SELECT * FROM SYS.COPY_ERRORS_HISTORY
Results display information only about COPY INTO operations that were initiated by the querying user.
Example Output
executed_at | job_id | table_name | user_name | base_snapshot_id | storage_location | file_path | file_state | records_loaded_count | records_rejected_count |
---|---|---|---|---|---|---|---|---|---|
2023-11-14 10:39:56.535 | 1aacb195-ca94-ec4c-2b01-ecddac81a900 | "my-location"."test".my-folder.ice_tbl_types | user_1 | 8234571992740262000 | "my-location"."test".my-folder.source-data.json."data/" | /test/my-folder/source-data/json/data/test.json | SKIPPED | 0 | 1 |
2023-11-18 22:24:53.411 | 1aa6c65f-ff9f-d4c5-4625-c8489898e900 | "my-location"."test".my-folder.ice_tbl_types | user_1 | 8234571992740262000 | "my-location"."test".my-folder.source-data.csv."data/" | /test/my-folder/source-data/csv/data/test_2.csv | PARTIALLY_LOADED | 8 | 1 |
2023-11-18 22:24:53.411 | 1aa6c65f-ff9f-d4c5-4625-c8489898e900 | "my-location"."test".my-folder.ice_tbl_types | user_1 | 8234571992740262000 | "my-location"."test".my-folder.source-data.csv."data/" | /test/my-folder/source-data/csv/data/test_4.csv | SKIPPED | 0 | 1 |
2023-11-18 22:24:53.411 | 1aa6c65f-ff9f-d4c5-4625-c8489898e900 | "my-location"."test".my-folder.ice_tbl_types | user_1 | 8234571992740262000 | "my-location"."test".my-folder.source-data.csv."data/" | /test/my-folder/source-data/csv/data/test_0.csv | PARTIALLY_LOADED | 8 | 1 |
2023-11-18 22:24:53.411 | 1aa6c65f-ff9f-d4c5-4625-c8489898e900 | "my-location"."test".my-folder.ice_tbl_types | user_1 | 8234571992740262000 | "my-location"."test".my-folder.source-data.csv."data/" | /test/my-folder/source-data/csv/data/test_3.csv | PARTIALLY_LOADED | 8 | 1 |
Columns
Column name | Data Type | Description |
---|---|---|
executed_at | timestamptz | The timestamp in milliseconds when the current row was written to the system table. |
job_id | string | The ID of the COPY INTO job. |
table_name | string | The name of the target table for the COPY INTO job. |
user_name | string | The user name of the user who executed the COPY INTO command. |
base_snapshot_id | long | The id of the last snapshot of the target table before the result of the COPY INTO command was committed. |
storage_location | string | The storage location that was specified in the COPY INTO command. |
file_path | string | The path of the input file that contained one or more rejected records (if the file is a CSV file) or one rejected record (if the file is a JSON file). |
file_state | string | The state of the file.

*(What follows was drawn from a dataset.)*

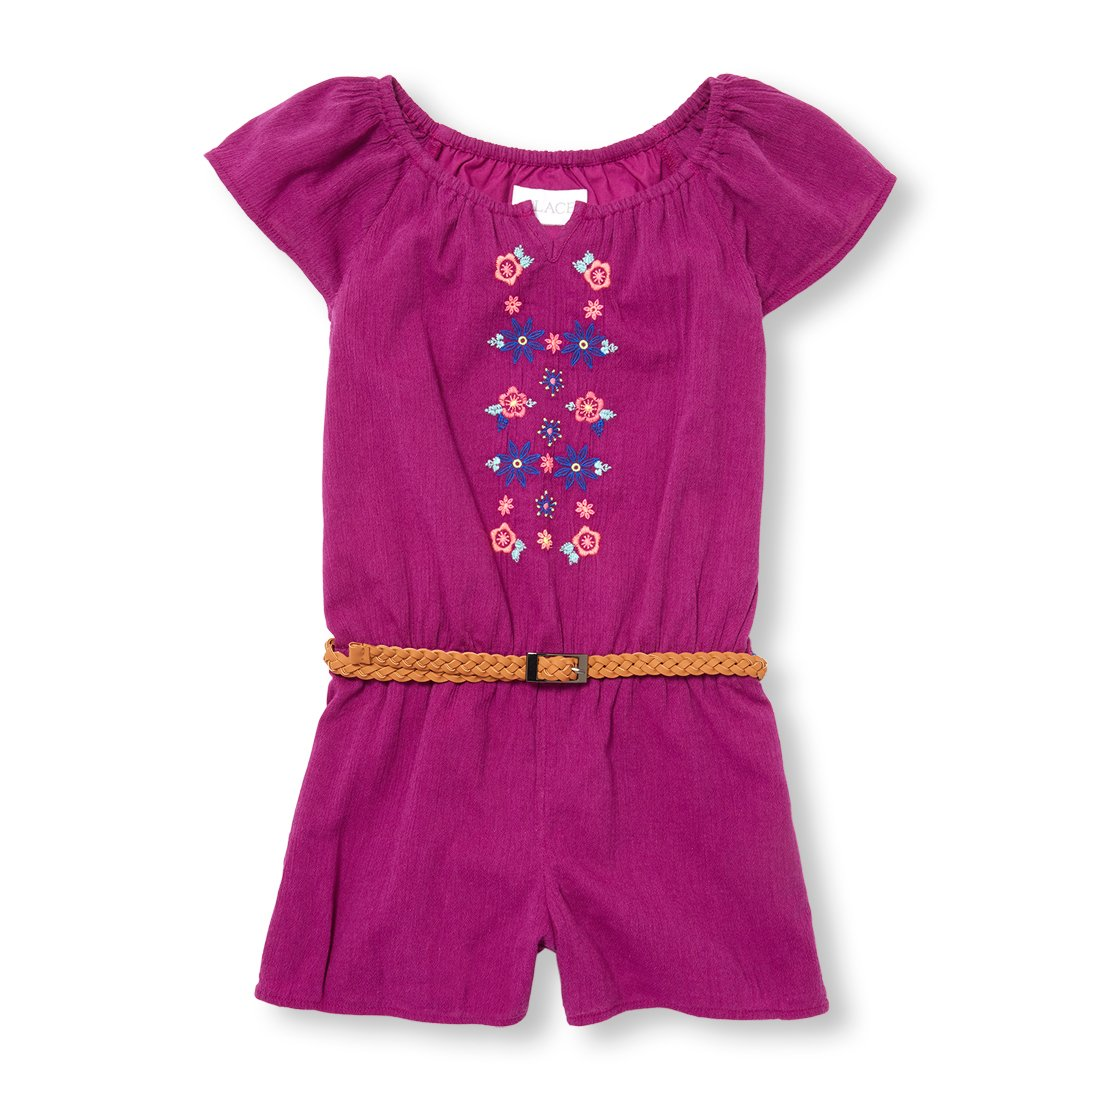 The Children's Place Big Girls' Short Sleeve Romper, Orchidzing 00863, S (5/6)

Possible values: PARTIALLY_LOADED -- At least one record from the file has been loaded into the target table and at least one record was rejected.SKIPPED -- No records from the file have been loaded because none of them could be parsed. |
records_loaded_count | long | The number of records loaded successfully from this file. |
records_rejected_count | long | The number of records that could not be loaded due to errors within the file. |
Depending on how often COPY INTO jobs with the ON_ERROR 'continue'
or ON_ERROR 'skip_file'
options are executed, this system table can accumulate a substantial number of records. You can remove records by using these two support keys:
-
dremio.system_iceberg_tables.record_lifespan_in_millis: Sets the number of days of history to retain in the system table. The default is seven days.
-
dremio.system_iceberg_tables.housekeeping_thread_frequency_in_millis: Sets the frequency of the cleaner thread that removes records older than the number of days set by dremio.system_iceberg_tables.record_lifespan_in_millis. The default is once a day.